In a recent interview Stanley Druckenmiller, a billionaire investor, blasted the administration of President Biden for recklessness and “spending like we would still be in Great Depression”. I wholeheartedly agree.

In 2023, the fiscal deficit of the U.S. government was sobering 6.3%, while during the Great Depression of the 1930s, federal government run a deficit of around the similar magnitude . The only difference was that between 1929 and 1934, over 9800 banks (nearly 40% of the total) failed, industrial output fell by 52%, whole sale prices by 38% and real income by 35%, and at its peak over 24% of the total work force were unemployed. Currently, the U.S. unemployment stands at 3.9%.

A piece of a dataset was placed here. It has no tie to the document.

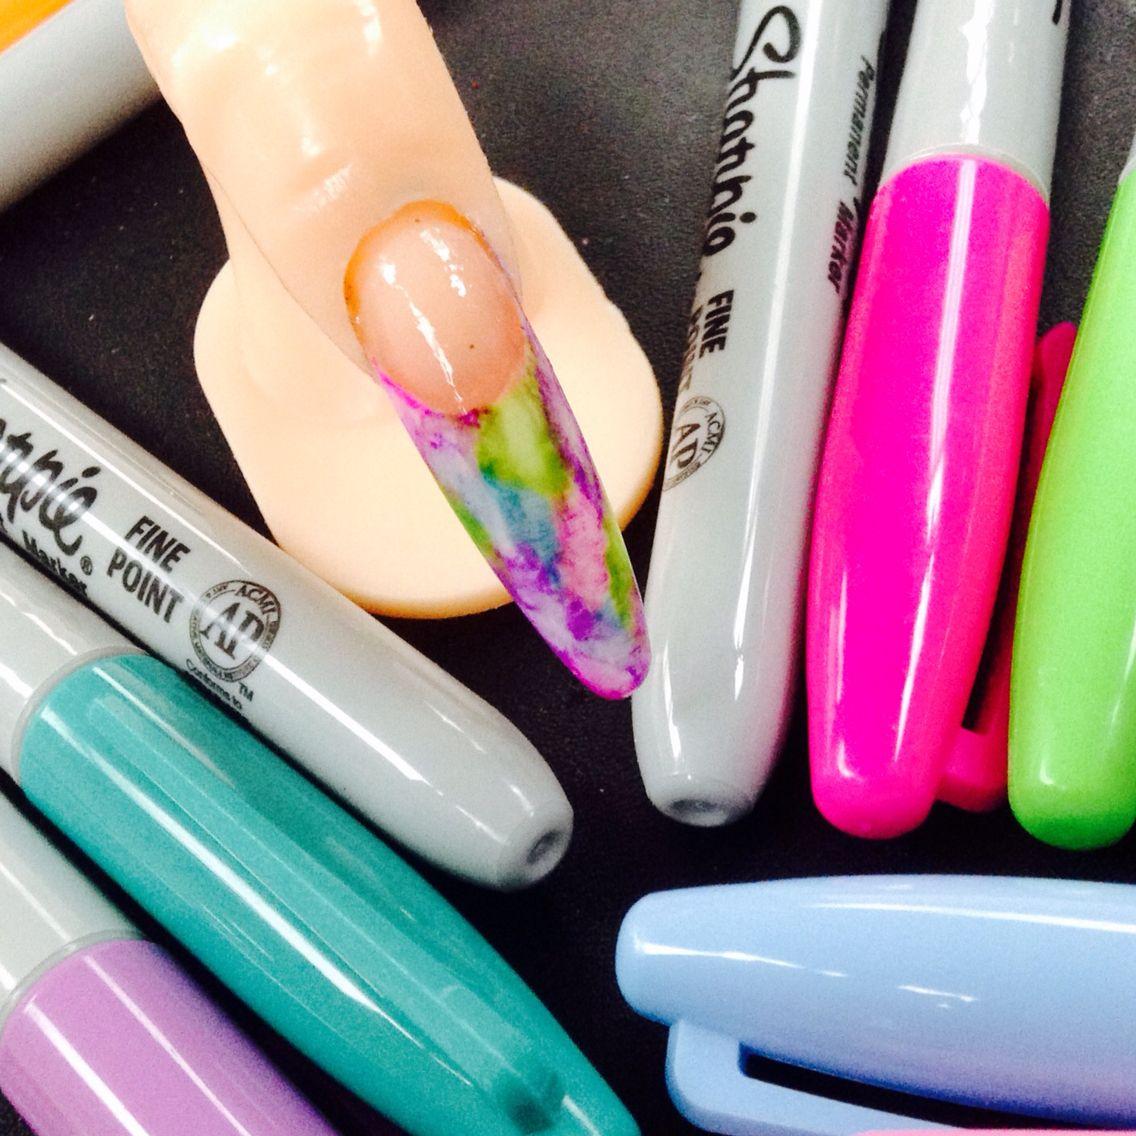 Dorable Bolígrafo Sharpie Arte De Uñas Imágenes - Ideas de Diseño de ...

Why is the Biden administration running such insane deficits? They are most likely doing it to mask an U.S. recession, which has now started. Let’s take a closer look.

Credit recession

I, and we at GnS Economics, have been tracking the credit creation of U.S. banks for a while. Already in 2017, we used the credit impulses in an effort to assess,1 where the U.S. economy would be heading.

However, we soon discovered that the forecasting ability of these “impulses” was weak. They were just too volatile and thus the forward-looking information they gave was full of statistical noise.2 Thus, we disregarded them.

If we observe, for example, the annual growth rate of loans and leases in bank credit (loans and leases given out by commercial banks), it seems much more informative.

What the figure above informs us is that the annual growth rate of loans and leases declines strongly only at the end or after a recession, when consumers and businesses cut back their spending and thus borrowing. What we also observe is that loan growth is currently at levels not seen outside recessions, or right after them. This means that the U.S. is effectively in a credit recession, like I explained in early April, but there’s more.